# Zubin Mehta – honorary member of Amics de l'Opera i de les Arts de la CV



## nibelungo (Aug 8, 2012)

ZUBIN MEHTA - HONORARY MEMBER OF AOA_CV

Maestro Zubin Mehta has accepted being a Honorary Member of the association Amics de l'Òpera i de les Arts de la Comunitat Valenciana, coinciding with the last performance of Tristan und Isolde at the V Festival del Mediterrani, whose president is the maestro himself.

His support turns into important backing for its goals and activities.

This young association connects nevertheless with the secular tradition of the Valencian opera lovers, alive today thanks to the activity of the Palau de les Arts Reina Sofia in Valencia (Spain) and projected towards the future with the collaboration of conductors such as its Honorary Member Maestro Mehta.

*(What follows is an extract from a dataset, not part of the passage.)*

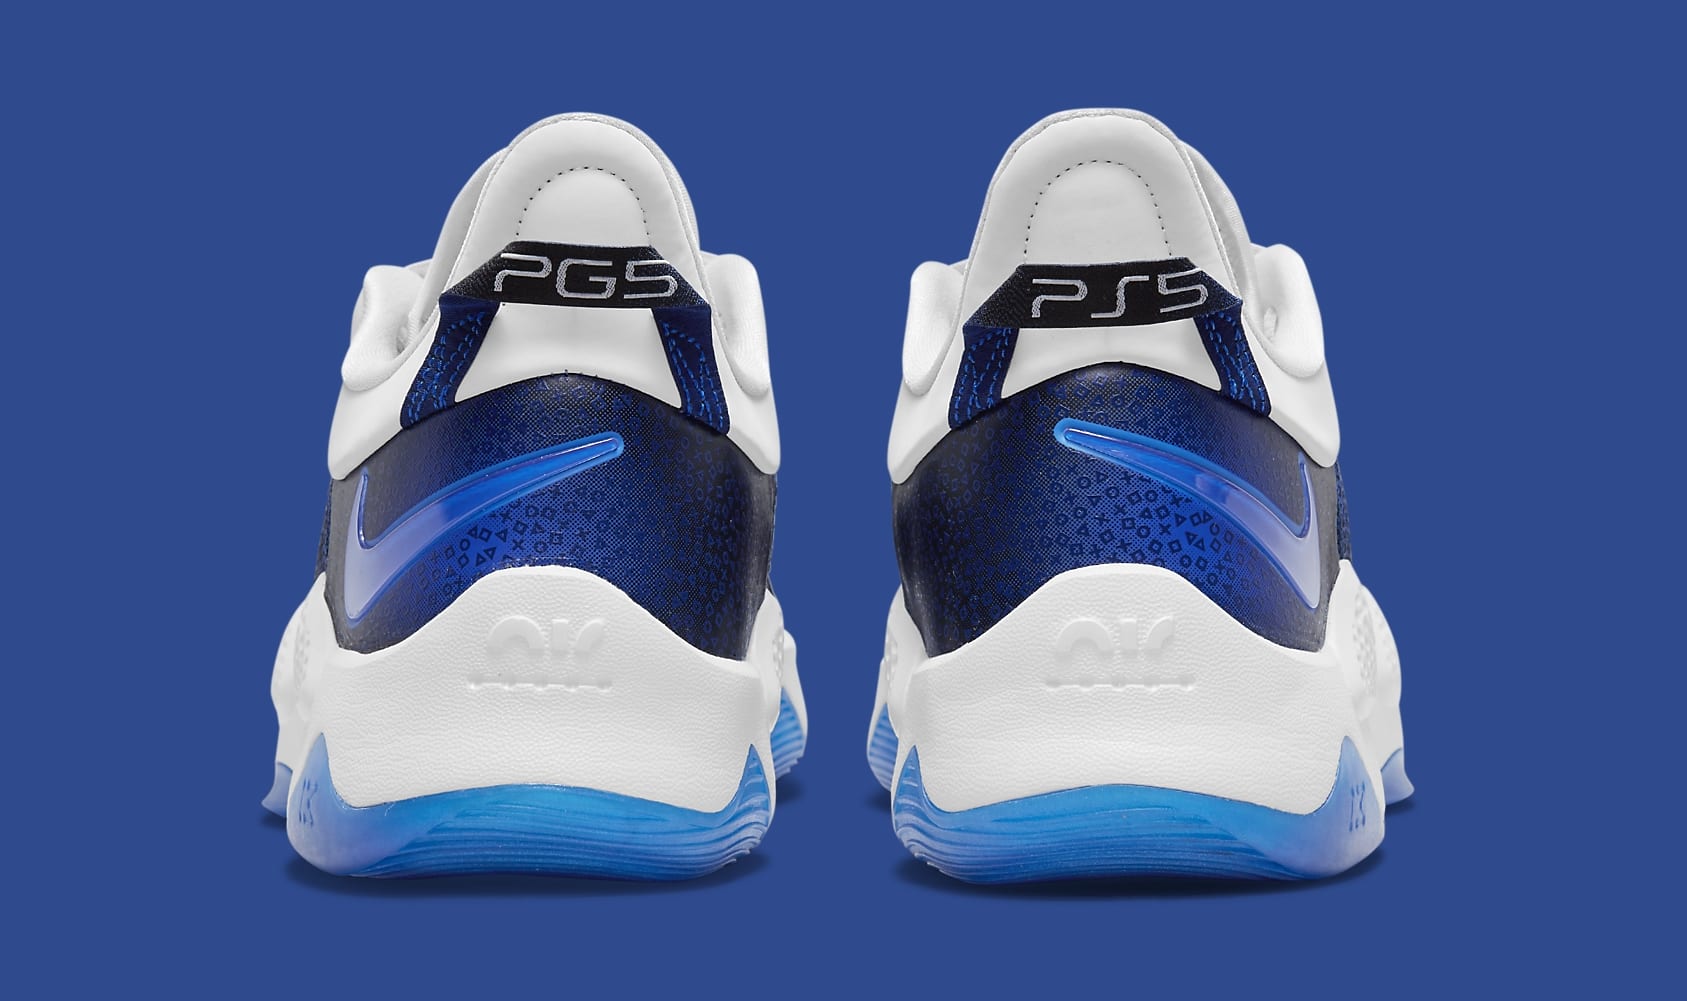 Playstation x Nike PG 5 'PS5' Blue CW3144-400 Heel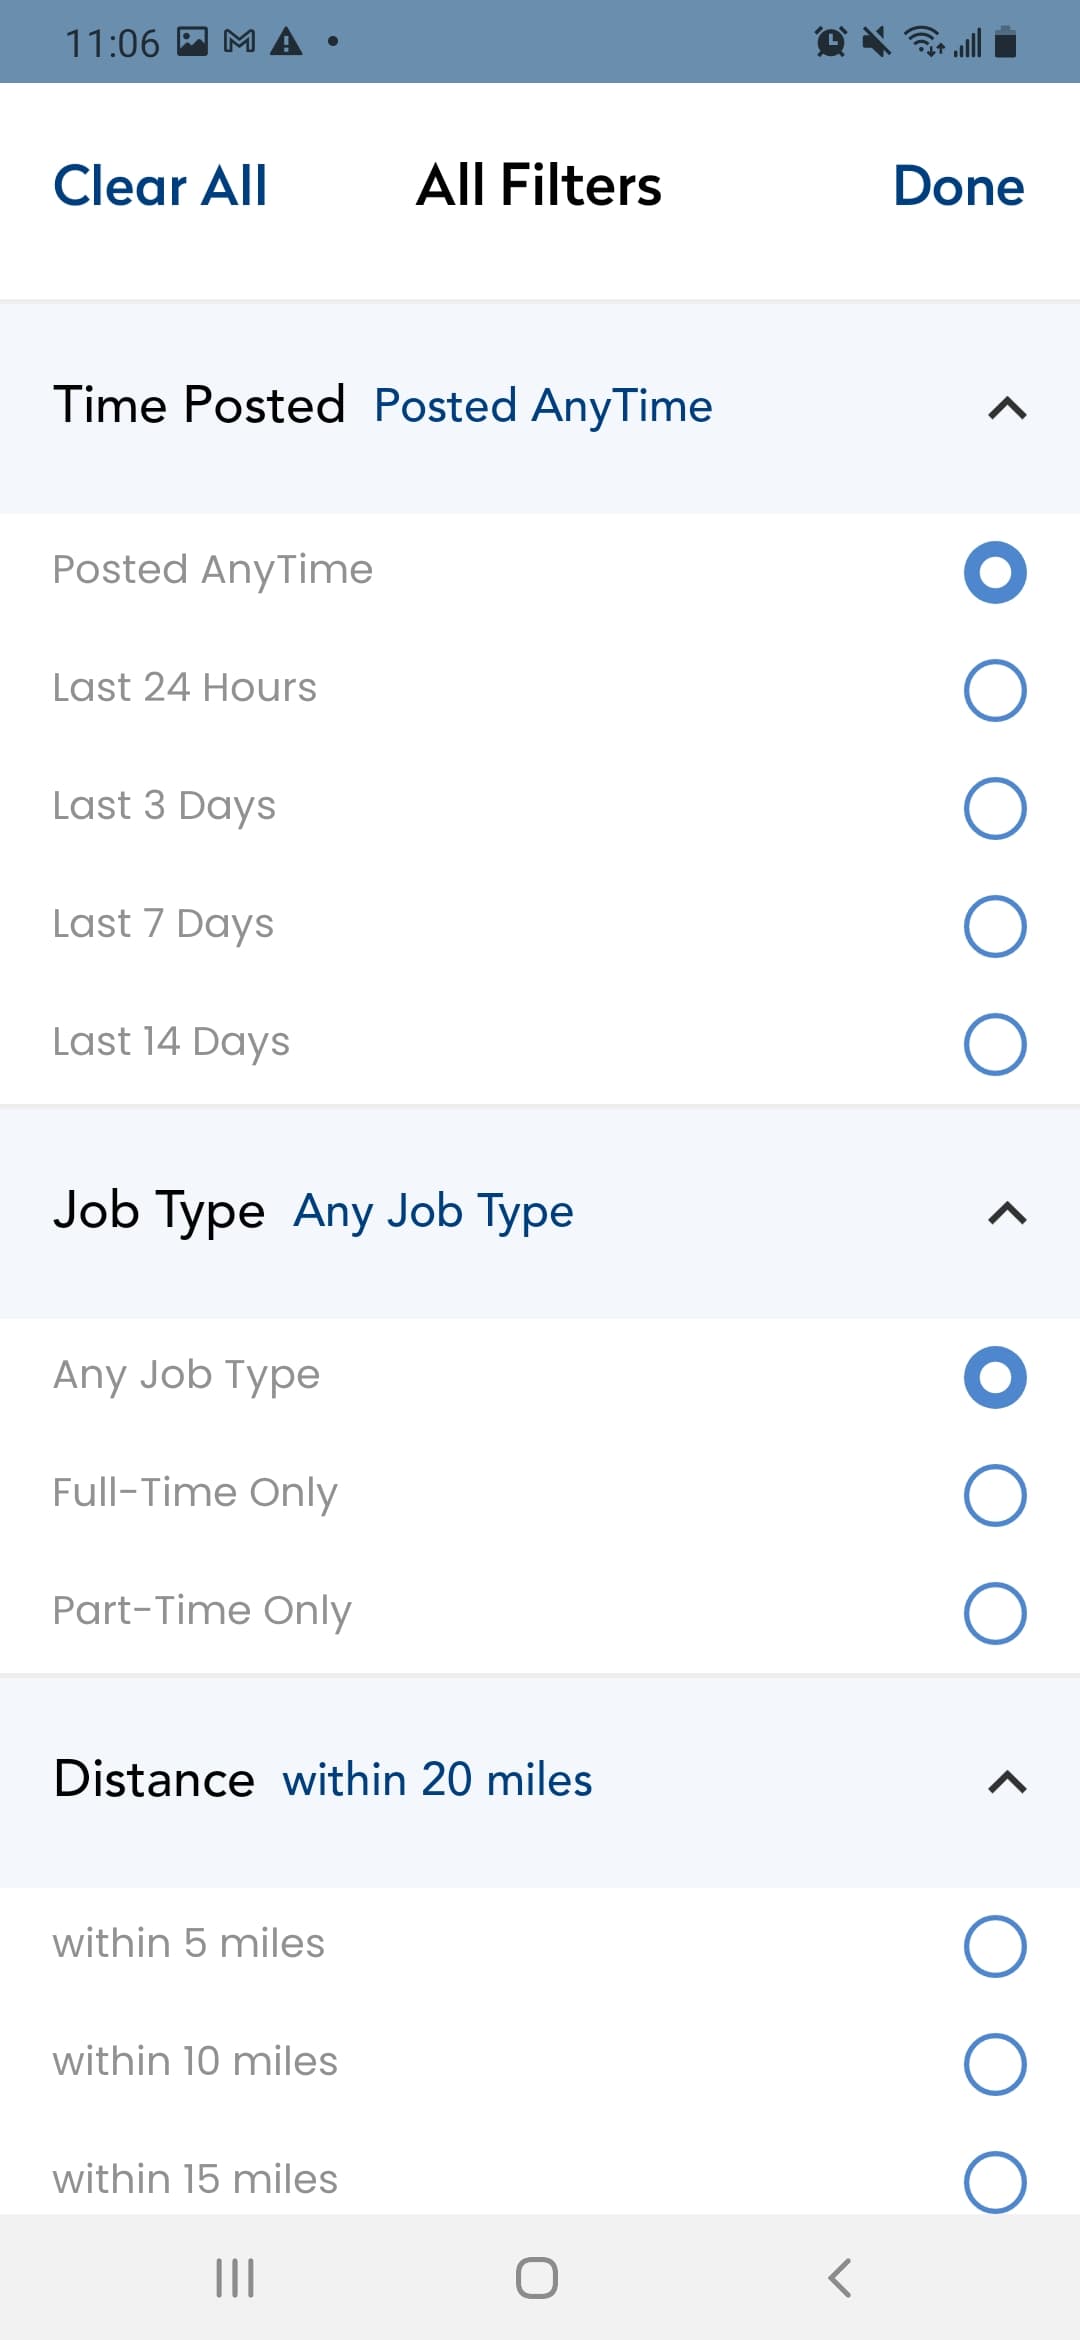 JobGet Job Filters

For more information www.amicsopera.org


----------



## mamascarlatti (Sep 23, 2009)

I do love that building. Wish we had such a beautiful opera house. But the 2012-2013 season seems rather safe, with the most unusual offering being _Le Due Foscari._


----------



## nibelungo (Aug 8, 2012)

mamascarlatti said:


> I do love that building. Wish we had such a beautiful opera house. But the 2012-2013 season seems rather safe, with the most unusual offering being _Le Due Foscari._


Yes, too safe maybe.
It is time for no experiments in Spain.
But Due Foscari with Plácido Domingo and such a great orchestra might be interesting.


----------